Multidimensional grids are stored in NetCDF, while tabular analysis and tracking outputs use Parquet for efficient columnar access. Partitioned directory structures enable scalable time-range queries. A metadata catalog records radar inventories, processing runs, product definitions, and lineage relationships. A data client supports batch queries and streaming mode, polling for newly completed products so dashboards can visualize segmentation masks, projected motion, and lifecycle metrics without disrupting active processing. Each execution is registered as a uniquely identified run storing configuration, radar selection, and product relationships, enabling deterministic replay of historical datasets using the same logic as real-time operation.
Xarray provides labeled multidimensional data structures that preserve spatial coordinates and metadata, preventing index misalignment common in raw array workflows. Pydantic enforces strict configuration schemas and validates runtime parameters before execution. Dense motion fields are estimated using OpenCV’s Farnebäck optical flow on consecutive reflectivity frames, and cell geometries are derived using SciPy spatial triangulation methods. Py-ART provides Level-II decoding, coordinate transforms, and radar-specific processing foundations.
Adapt remains in an alpha stage. Key development priorities include stronger dataset versioning and provenance tracking within the repository layer, improved support for concurrent reads during active writes, exploration of structured streaming and event-driven orchestration models, and development of interactive dashboards for operational visualization. Future work will also address containerized and distributed deployment for cloud-native scalability and object-storage–first architectures. The modular separation between orchestration, scientific computation, and data APIs allows independent evolution of components and invites community contributions in data management, streaming frameworks, visualization systems, distributed execution, and reproducibility practices.

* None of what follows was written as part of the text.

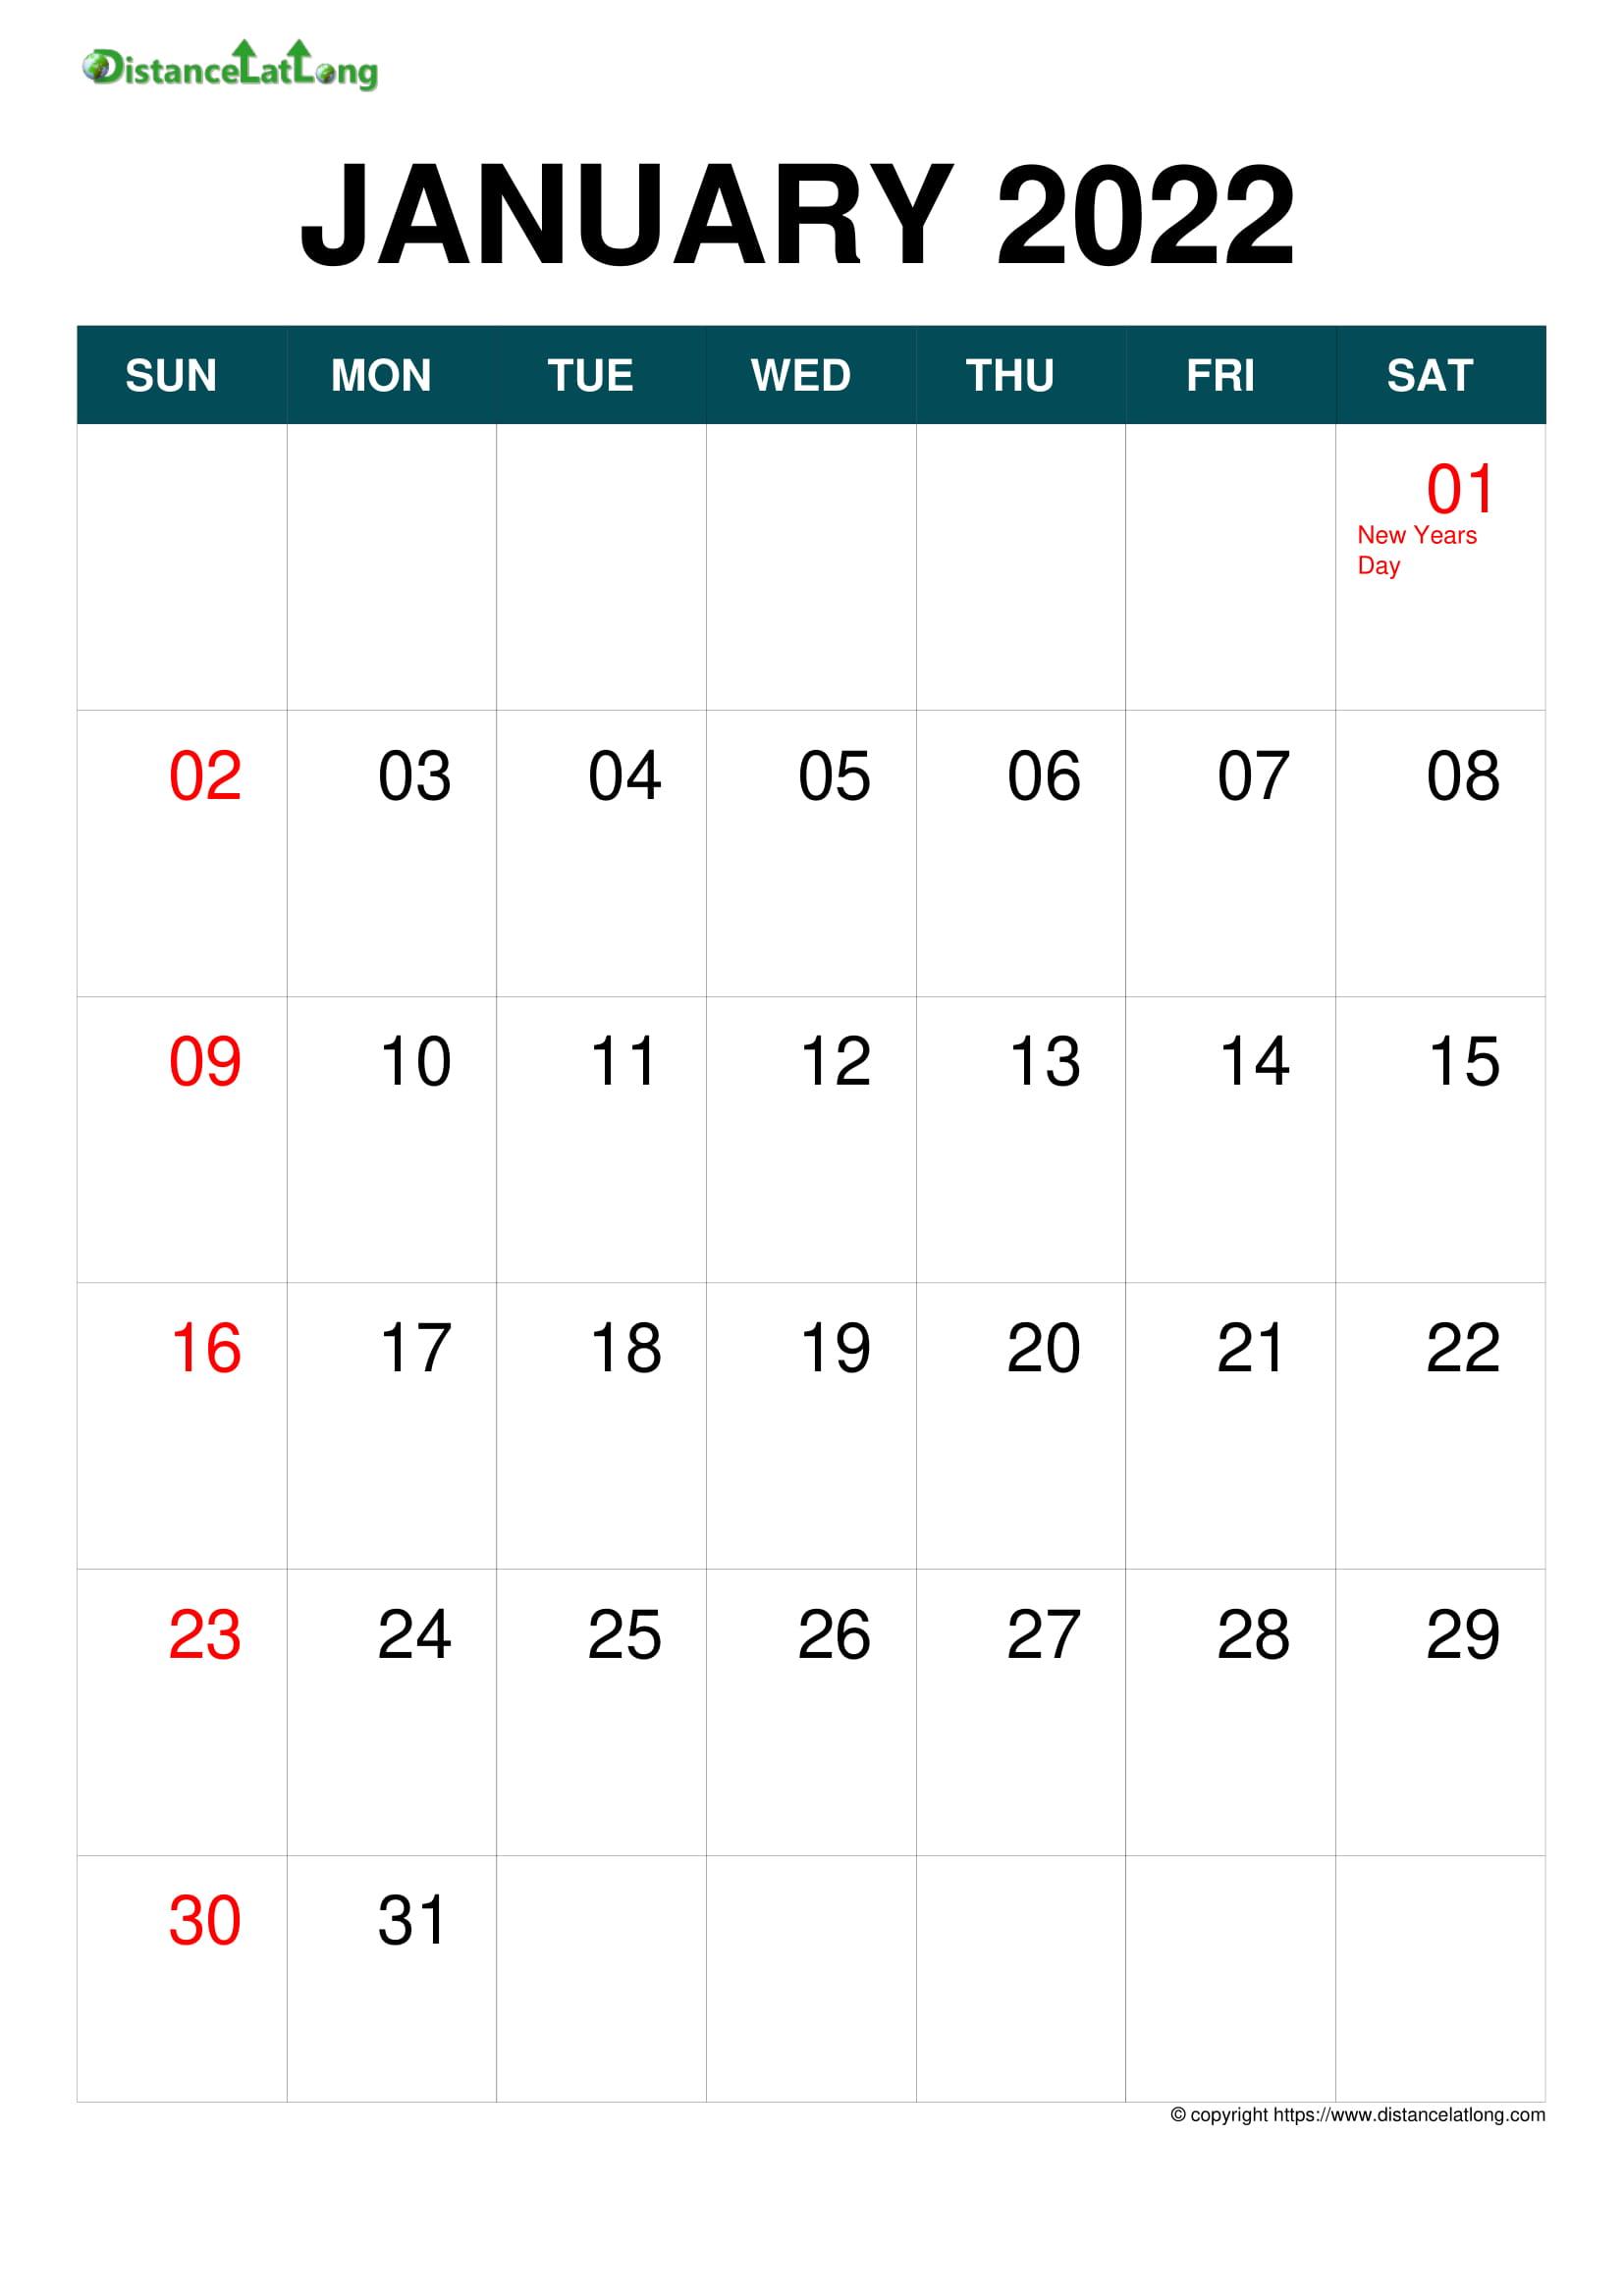 Jewish Holidays Calendar 2022.2022 Holiday Calendar Holidayportrait Orientation Free Printable Templates Free Download Distancelatlong Com

In summary, Adapt provides a modular, real-time architecture for adaptive radar scanning that enforces deterministic state management, contract-based validation, and repository abstraction. By eliminating thread entanglement and clearly separating system layers, it supports both historical reprocessing and operational guidance for live adaptive radar campaigns.
Bhupendra A. Raut is a Computational Environmental Scientist at Argonne National Laboratory, where his research focuses on the analysis of clouds and precipitation in large-scale remote sensing datasets and numerical model outputs. He has developed convection identification, tracking, and analysis algorithms and applied various clustering and machine learning methods to produce value-added products for multi-platform observational campaigns. Currently, he is co-developing an adaptive sensing framework for the U.S. Department of Energy’s Atmospheric Radiation Measurement (ARM) user facility and leads the Chicago Urban Flux Network.
His interdisciplinary research leverages statistics, computer vision, machine learning, and edge computing. An active member of the scientific community, he contributes to several prominent open-source atmospheric tools, including Py-ART, TINT, and tobac. Dr. Raut holds a Ph.D. and an M.Sc. in Atmospheric and Space Sciences from the University of Pune, following a B.Sc. from J. B. College of Science.